Recuerdo aquel día como uno de los más trágicos en mi vida. Busqué trabajo por todas partes y tan sólo logré uno como comercial de cursos a distancia para trabajadores. Pagaban una miseria y tenía que recorrer muchos kilómetros para vender algo. En tiempos de crisis la gente necesita trabajar, no estudiar.

Aquel día, como digo, había sido horrible. Tuve un percance con una clienta descontenta y casi me despiden. Dejé mi coche en el parking, ese coche que a penas podía pagar en esa plaza de aparcamiento que debía abandonar a final de mes.

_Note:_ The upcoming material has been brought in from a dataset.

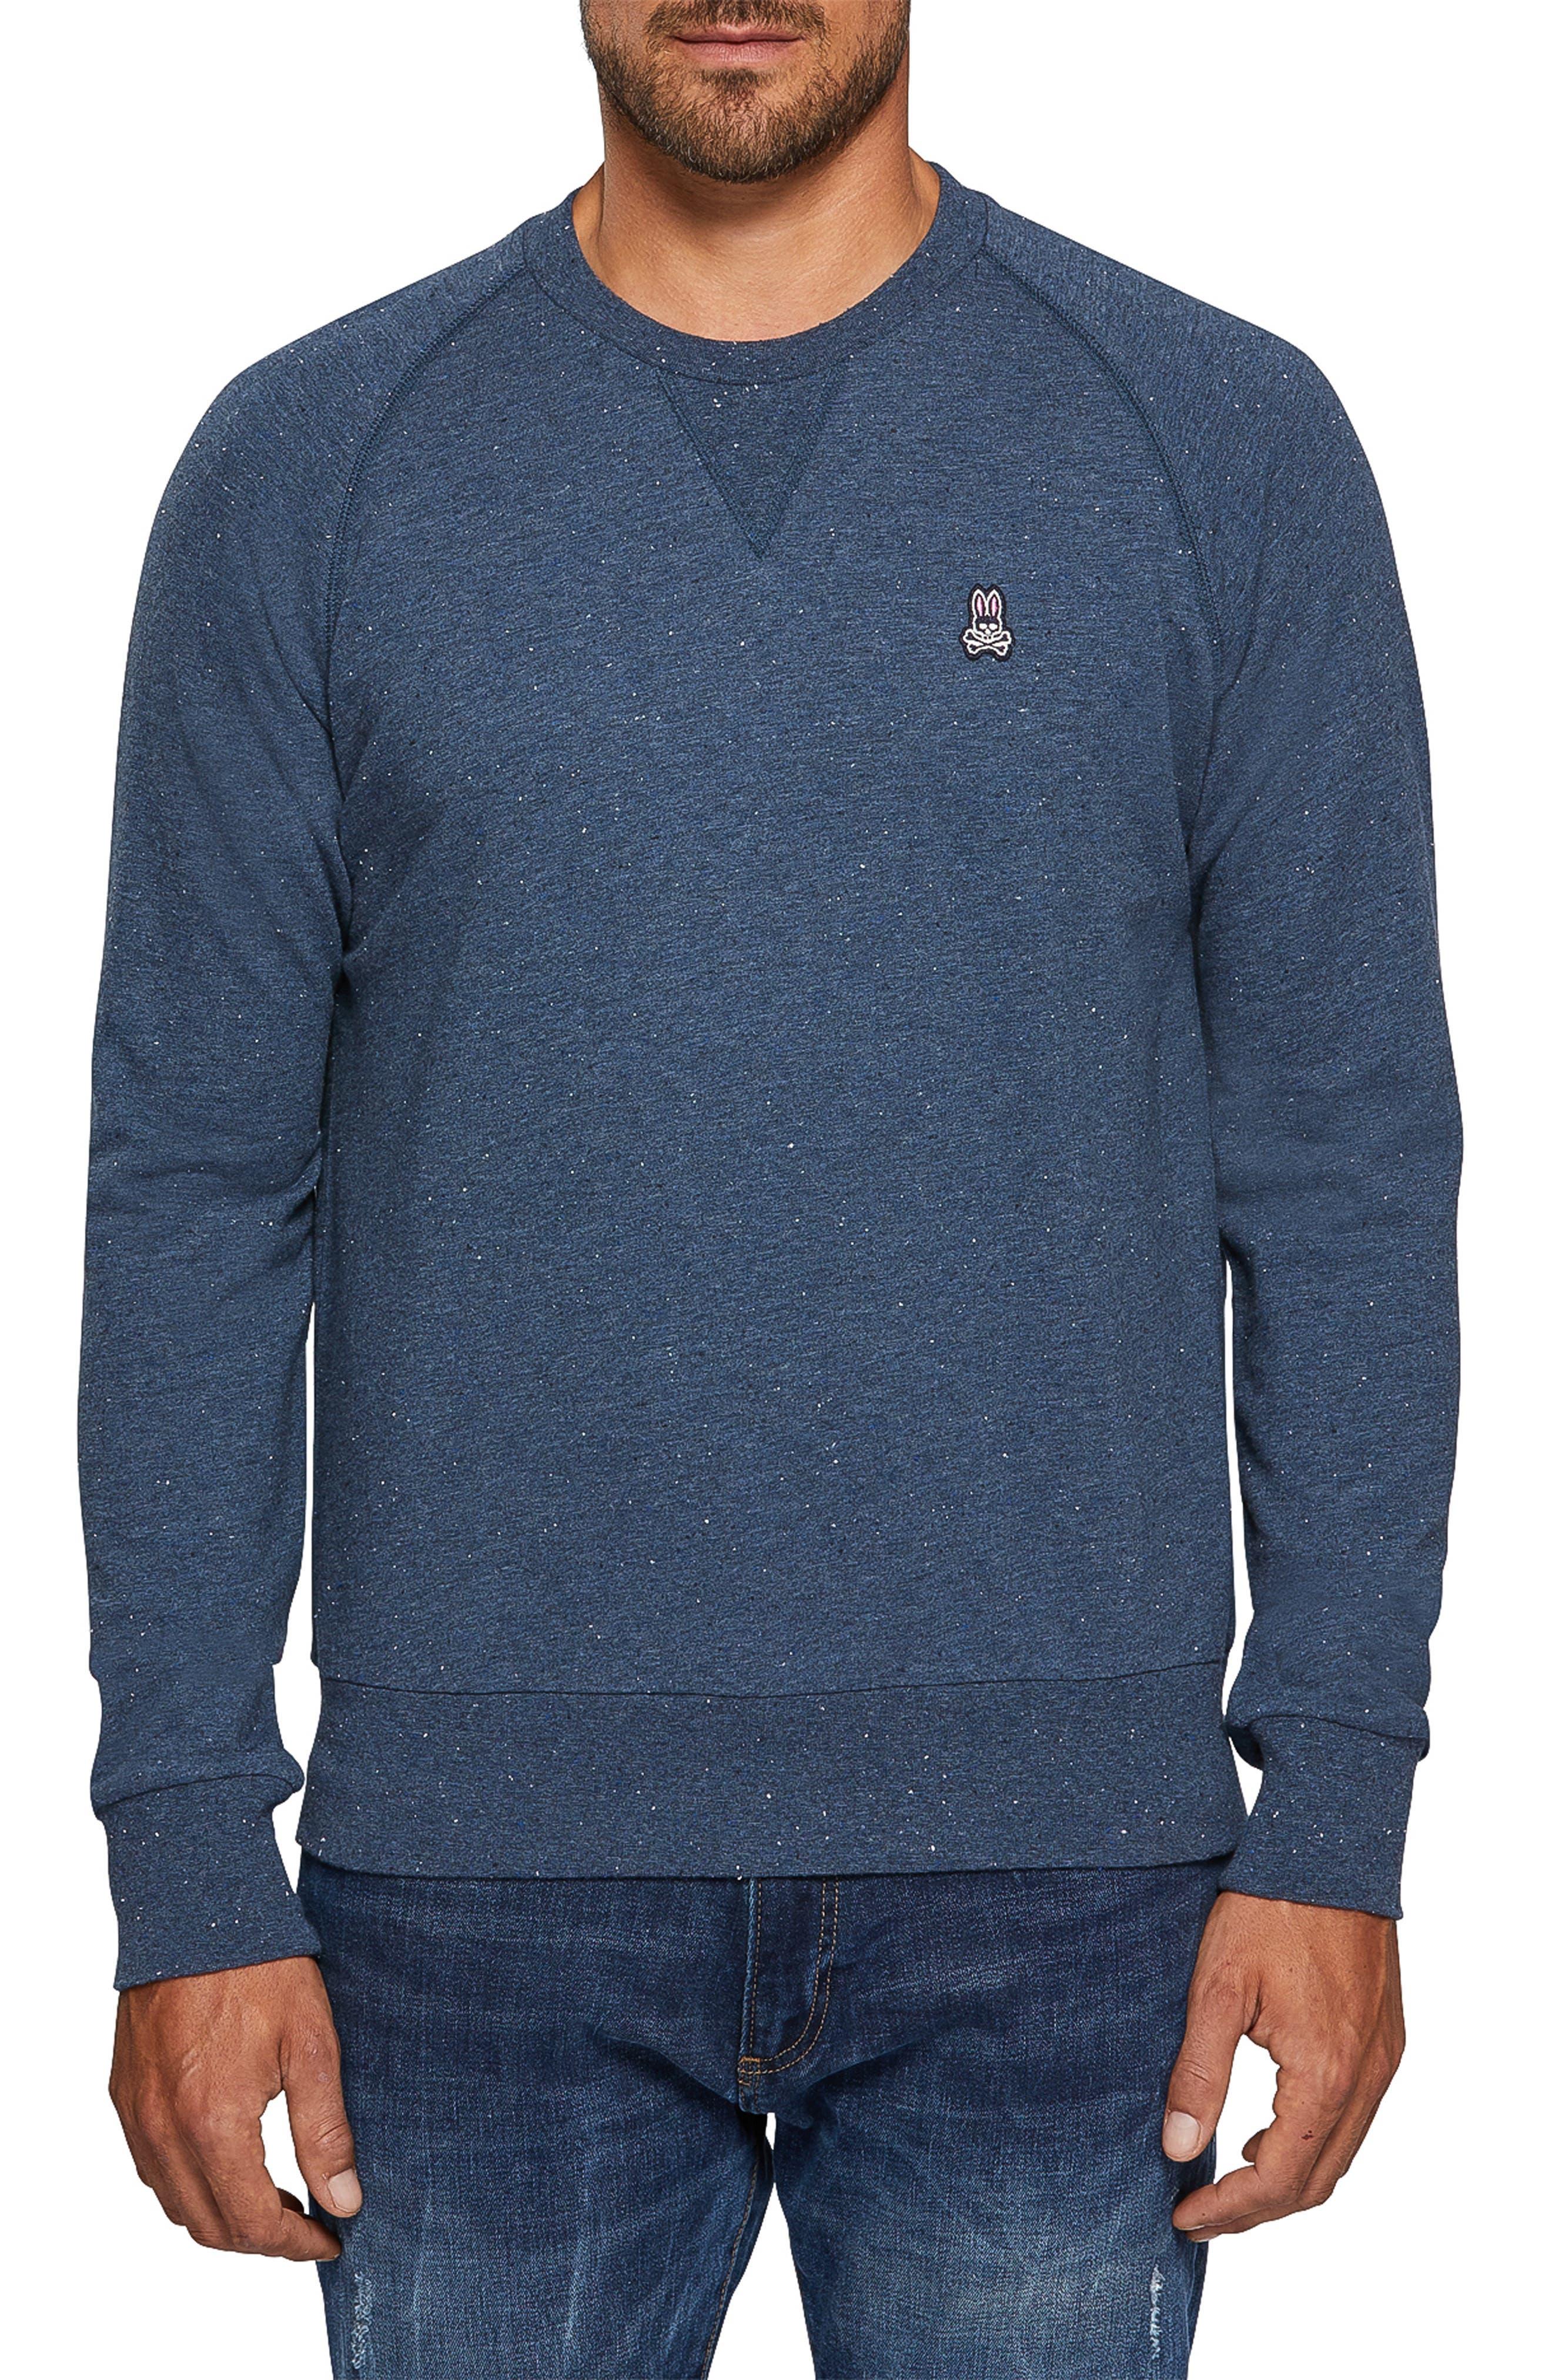 Larne Donegal Crewneck Sweatshirt,                             Main thumbnail 1, color,                             GULF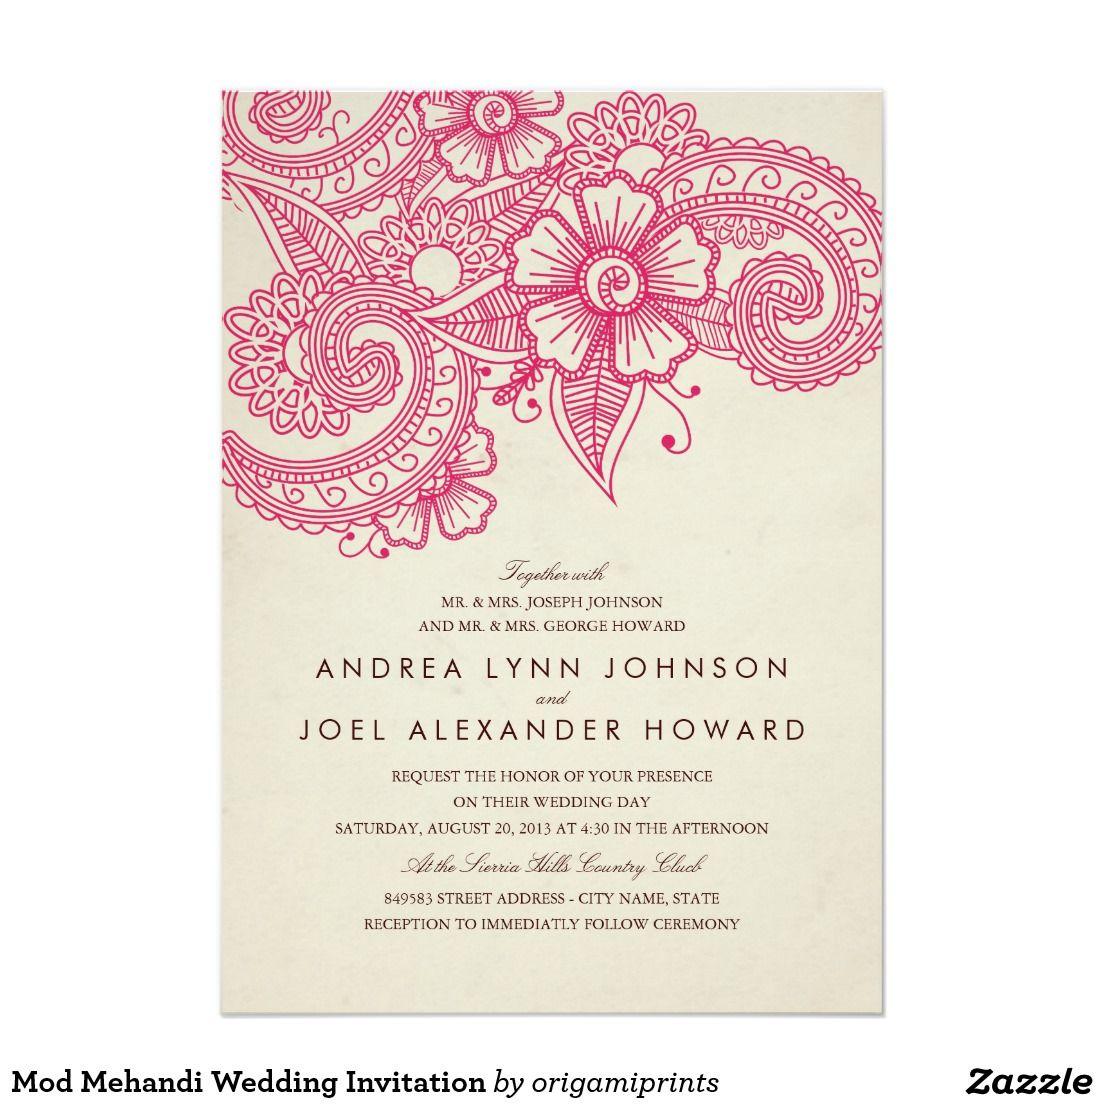 Mod Mehandi Wedding Invitation. Artwork designed by Origami Prints. Price $2.01

Era bastante tarde y no había nadie. El chico de seguridad estaba enfrascado en una discusión telefónica y ni siquiera me miró cuando lo saludé con la mano. Me dirigí al ascensor y entonces lo escuché. Unos pasos lentos y acompasados a mi ritmo. Al principio me pareció el eco, pero pronto descubrí que no era así. Aceleré el ritmo sintiéndome un poco inquieto. No quería mirar hacia atrás. Quise  pensar que todo eran paranoias mías, que tal vez sólo era otro usuario del parking que regresaba a su casa. Pero él me seguía a mí. Me detuve con la excusa de sacar un cigarrillo y él se detuvo también. Aquello me dio muy mala espina así que giré en redondo, con la mirada más amenazante que pude encontrar entre el hormigueo de sueño de mis ojos. Tras de mí sólo había sombras y coches oscuros durmiendo entre la humedad. Aspiré hondo y traté de calmarme. Pero no lo logré. Seguí caminando deprisa para alcanzar el ascensor que ya estaba muy cerca y los pasos siguieron sonando tras de mí.

Comencé a correr entonces. No me importa reconocerlo, estaba bastante asustado. Cuando llegué ante la puerta del ascensor golpeé el botón con el corazón acelerado. Sentía la presencia del desconocido cerniéndose sobre mí desde la oscuridad. Di un suspiro de alivio cuando la puerta se abrió al instante y la luz lo iluminó todo. Entré y volví a presionar el interruptor varias veces, impaciente por ver las puertas unirse al fin, aislándome de mis temores.

Ya casi estaban cerradas y suspiré aliviado. Entonces una mano se coló entre ella y casi grité del sobresalto. Ésta empujó hasta lograr abrir las puertas.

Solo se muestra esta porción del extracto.